A New Planet, Sci-Fi, and Human History

The redoubtable Mark Twain once wrote, "Truth is stranger than fiction, but it is because fiction is obliged to stick to possibilities; truth isn't."

Maybe I had that in mind a few months ago when talk show host Arthur Schwartz interviewed me about my sci-fi novella Eden. Eden is about a group of American GIs in Iraq who stumble upon an ancient secret about the beginnings of humankind. As I explain in the book’s author’s note, Eden was inspired by the ancient alien theory, which proposes that man's biological and cultural evolution was influenced by extraterrestrial beings who visited earth in pre-historic times.

Arthur wanted to discuss what influence the work of Zecharia Sitchin had on me while writing Eden. Sitchin was a Russian-born writer and, along with Erich Von Däniken, was an early proponent of the ancient alien theory. While Däniken's research focused largely on known archeological sites, Sitchin's research was largely focus on the ancient Sumerian civilization.

Sumerian civilization sprang up in Mesopotamia (now Iraq) between 5500 and 4000 BC, and is considered one of the earliest, if not the first, human civilizations. Sitchin taught himself to read cuneiform writing, and from reading ancient Sumerian tablets developed his own ancient alien theory.

In his 1976 book, The 12th Planet, Sitchin proposed that extraterrestrials called the Annunaki visited earth and influenced the development of human culture.

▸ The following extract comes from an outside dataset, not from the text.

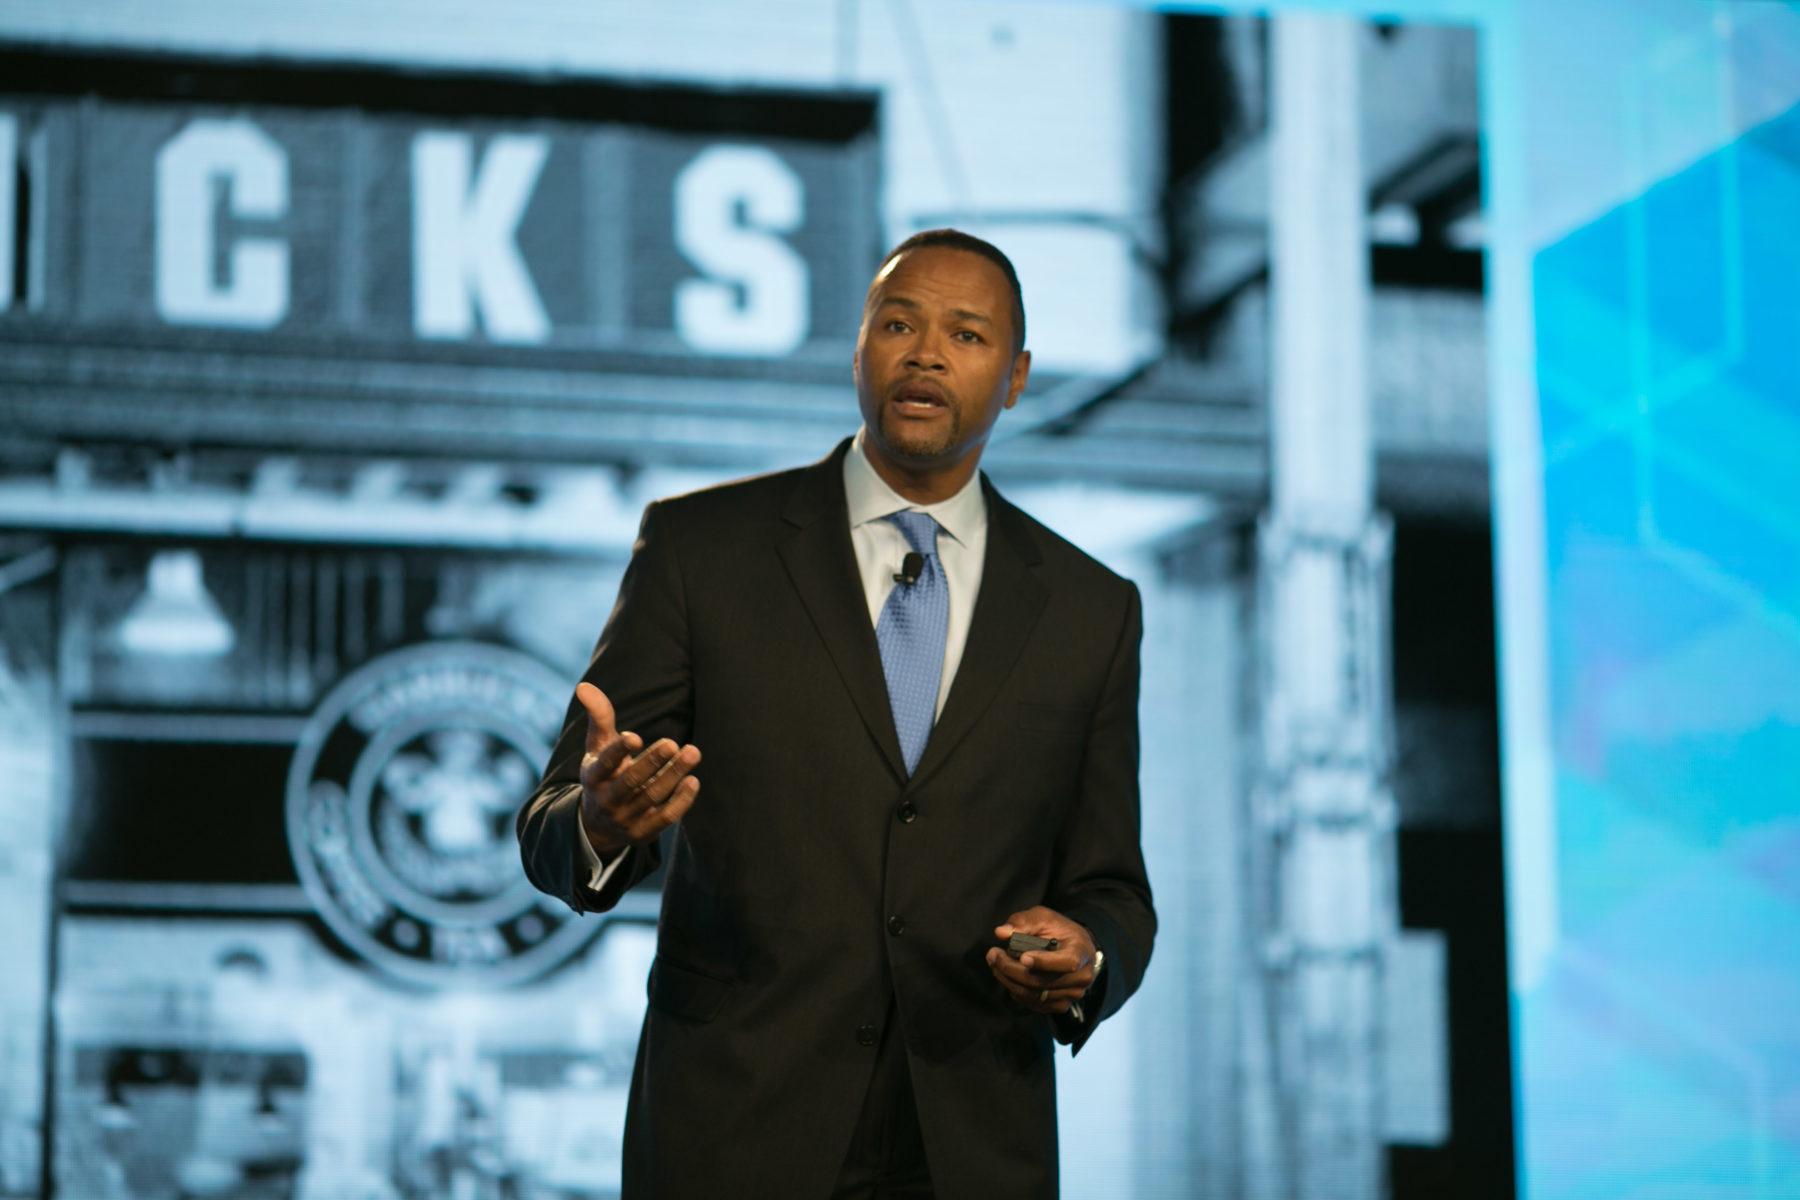 Starbuck's / PepsiCo Conferences keynote, JW Marriott Austin

In fact, that is the basic Sumerian creation myth, which claims "sky gods" called the Annunaki came to earth and created man to mine riches for them. I used this same basic mythology as part of the plot for Eden.

But Sitchin went far beyond the known Sumerian mythology. Based on his reading of the Sumerian texts, Sitchin proposed the Annunaki came from Nibiru, an undiscovered planet in our own solar system orbiting just beyond Neptune. Sitchin maintained Nibiru was unknown to astronomers because its large elliptical orbit meant the planet took thousands of years to complete one trip around the sun. Sitchin also claimed Nibiru's orbital plane was at an acute angle to the plane on which the known planets orbit the sun.

In our interview, I told Arthur this was where Sitchin and I parted company. I said I found the idea of such a planet existing preposterous. If it did exist, I insisted, astronomers would detect some evidence of its gravitational effect on other members of our solar system. In my considered opinion, it was far more plausible that some alien culture traveled here from some distant solar system using faster than light or worm-hole jumping technology.

Harrumph.

I'm sure damn glad I didn't bet my hat on that assertion. I'd be eating it right now.

On January 20, Caltech astronomers Michael E. Brown and Konstantin Batygin announced they found gravitation indications of a ninth planet (Pluto no longer being considered a planet) orbiting the sun in an elongated orbit that takes the planet 10 to 20 thousand years to complete. Based on mathematical calculations and not direct observation, the astronomers believe the planet to be at least as large as earth and probably much larger, and orbiting at an acute angle from the normal orbital plane. Moreover, they theorized the planet's orbit would place it just beyond Neptune's orbit—right where Sitchin said Nibiru's orbit lay.

As I read the initial news story about the astronomers’ theory, I found myself speechless. The similarities between Sitchin's Nibiru and the planet predicted by the Caltech calculations are striking, perhaps too much so to be coincidence. If Drs. Brown and Batygin are correct, is this unseen planet Sitchin's Nibiru? And if it is, what does that mean for what most people believe is human history?

I am beginning to feel like Eden’s protagonist, Captain Adam Cadman, an archeologist turned soldier, who discovers everything he’s been told about human history is wrong.

Twain was certainly right. Truth is stranger than fiction.